Posted on 10/7/25 at 7:16 pm to
Posted by The Boat
Member since Oct 2008
175901 posts
Posted on 10/7/25 at 7:16 pm to
I’m pretty sure if he was racist he wouldn’t give black people guns. There’s a clip at the end of him with some white and black kids shooting guns.
Posted by Basura Blanco
Member since Dec 2011
11467 posts
Posted on 10/7/25 at 7:25 pm to
quote:

Yeah, especially the one where the guy said "my mom & dad worked hard all day & I dont want that for me and my kids"

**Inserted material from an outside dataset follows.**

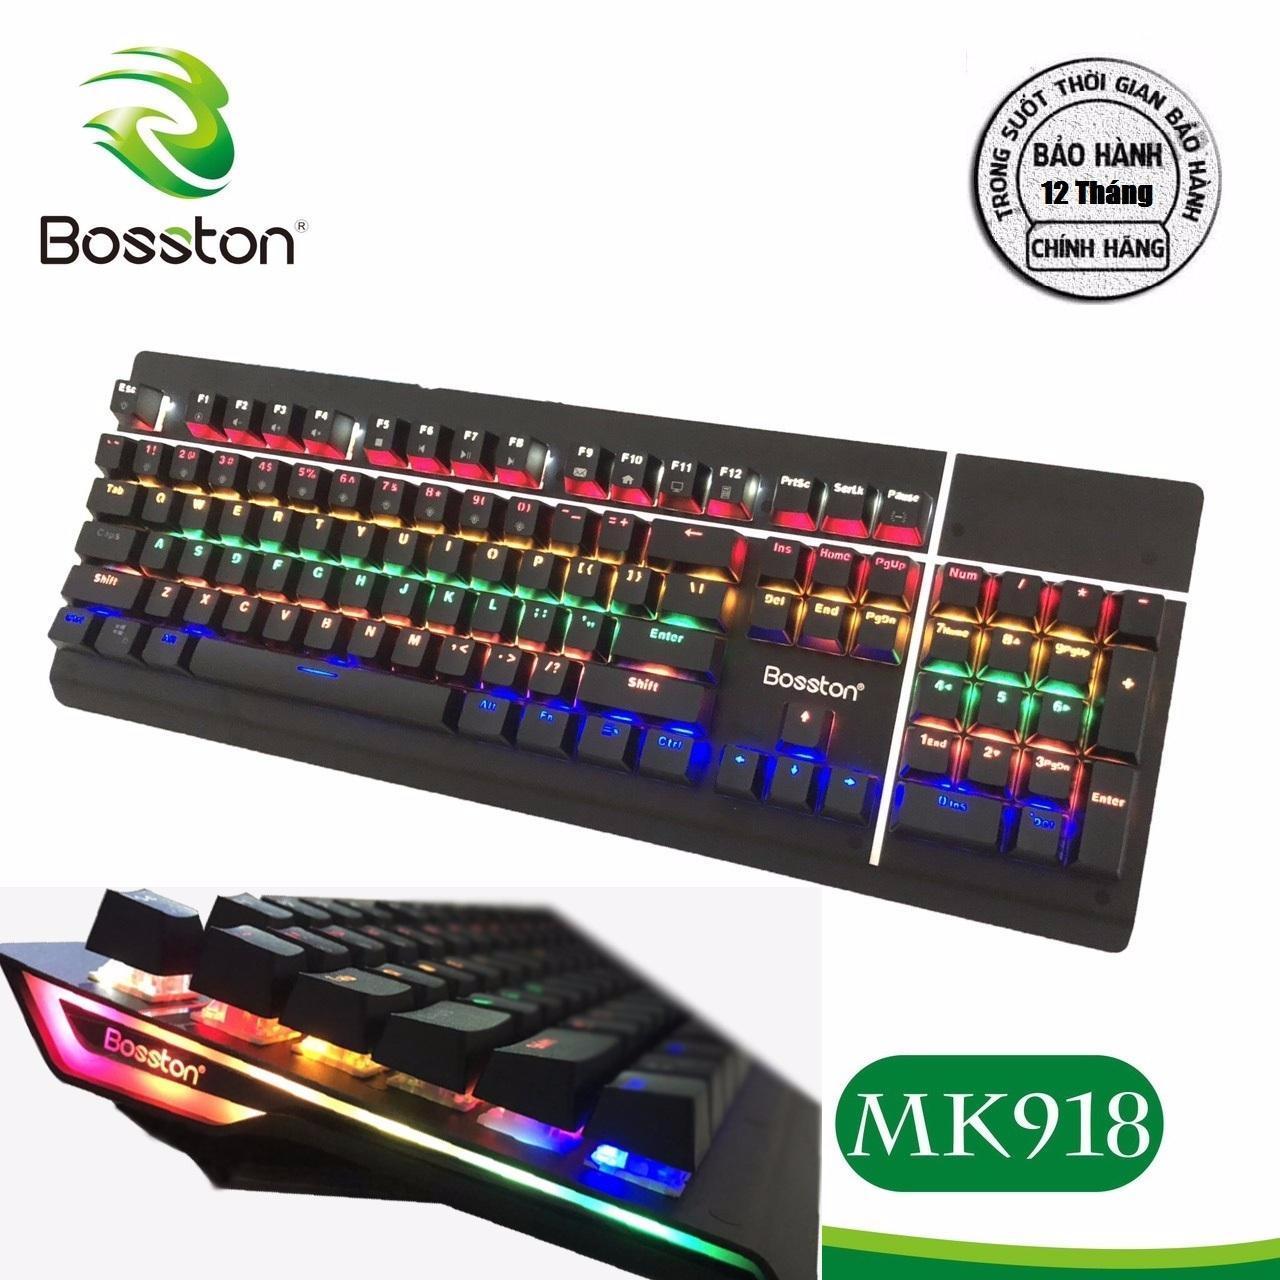 ban-phim-co-bosston-mk918-full-led-blue-switch-new-chinh-hang
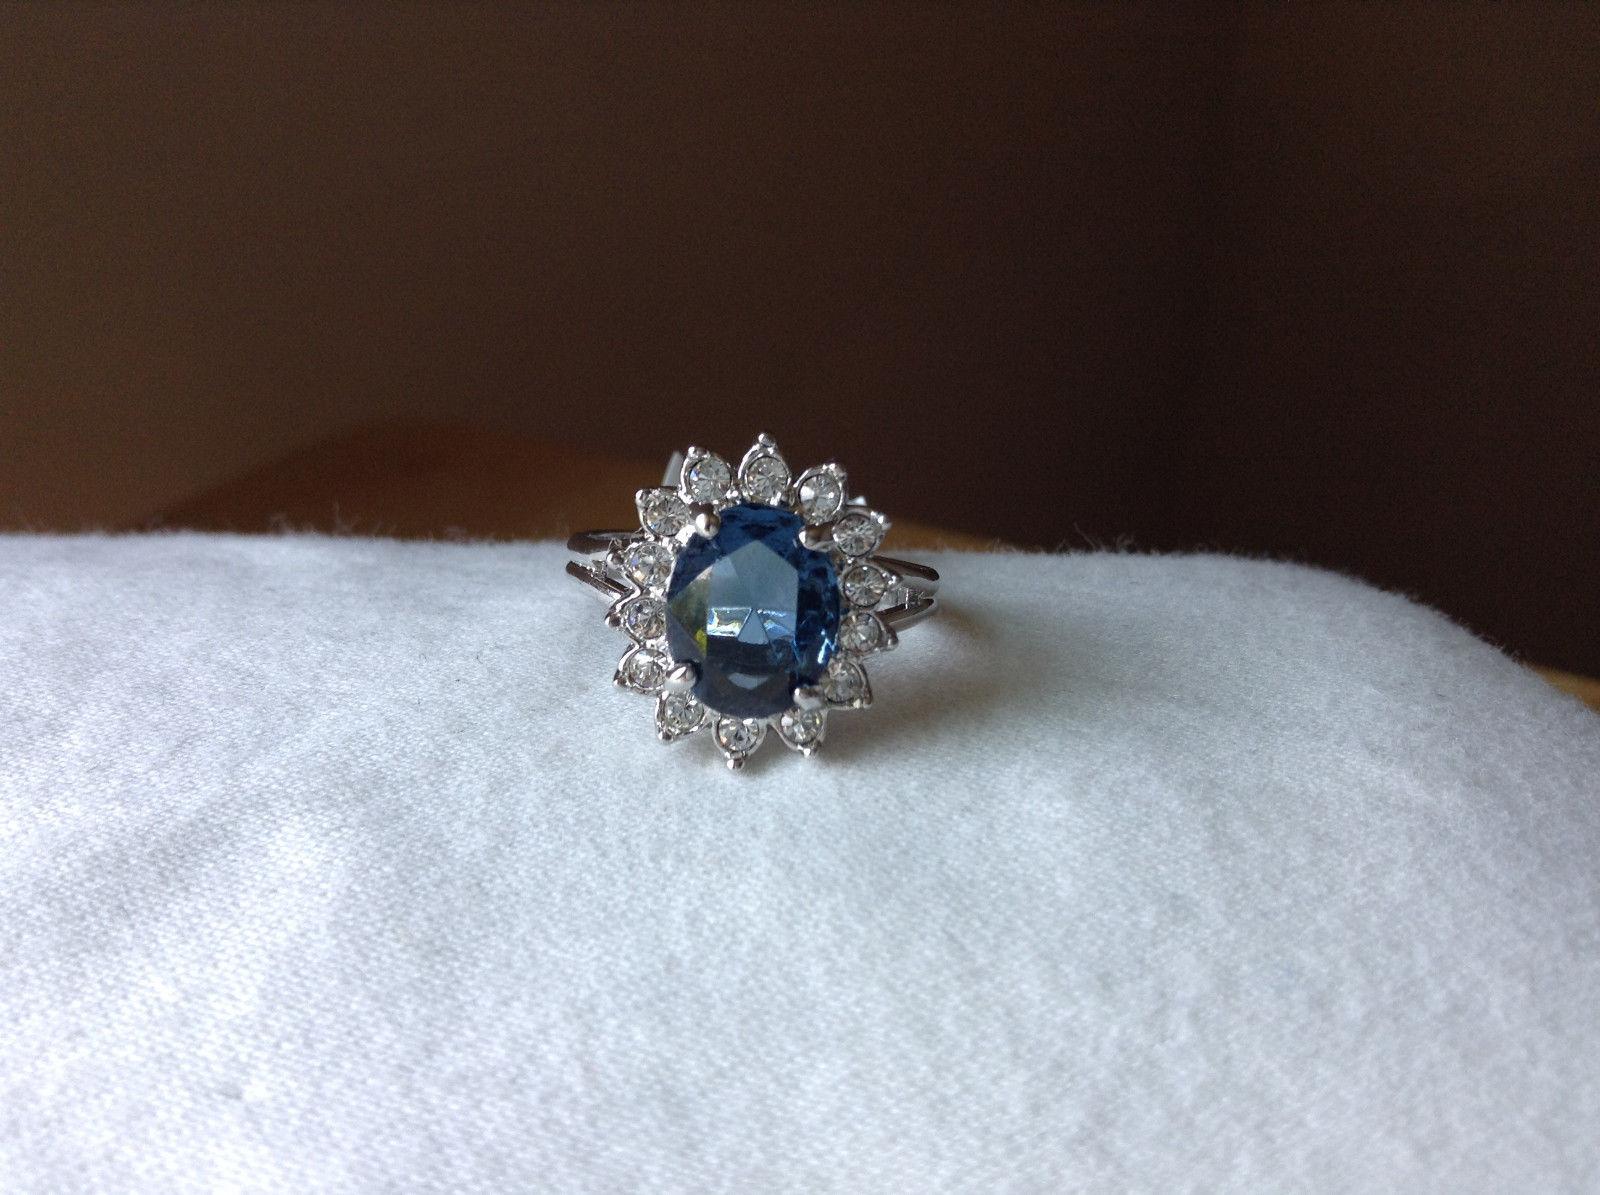 Blue CZ Stone Sunburst White Stone Border Stainless Steel Ring Size 7 and 7.75

He was saying he didn't want them to work that hard and not work THEIR land. I wouldn't want to either if I didn't see anything changing.
Posted by Geopardee
Member since Nov 2018
107 posts
Posted on 10/7/25 at 7:28 pm to
quote:

Wondered if anyone else caught that.


It’s a strong name

Humphreys McGee
Posted by FightinTigersDammit
Louisiana North
Member since Mar 2006
46425 posts
Posted on 10/7/25 at 7:43 pm to
They also don't point out that white sharecroppers were very little better off than black sharecroppers
Posted by prostyleoffensetime
Mississippi
Member since Aug 2009
12258 posts
Posted on 10/7/25 at 8:30 pm to
quote:

I’m pretty sure if he was racist he wouldn’t give black people guns. There’s a clip at the end of him with some white and black kids shooting guns.


The dynamic of that era of plantation life is really interesting.

The black sharecropper was really loyal to the farm, but also the high majority really had nowhere to go and owed money to the plantation.

The Humphrey McGee types also were loyal to good sharecroppers and saw those people as extended family.

While they didn’t go to church together and what not, as they died off the black families would still invite the plantation owners to the funeral to sit with the black family, and vice versa to a lesser extent.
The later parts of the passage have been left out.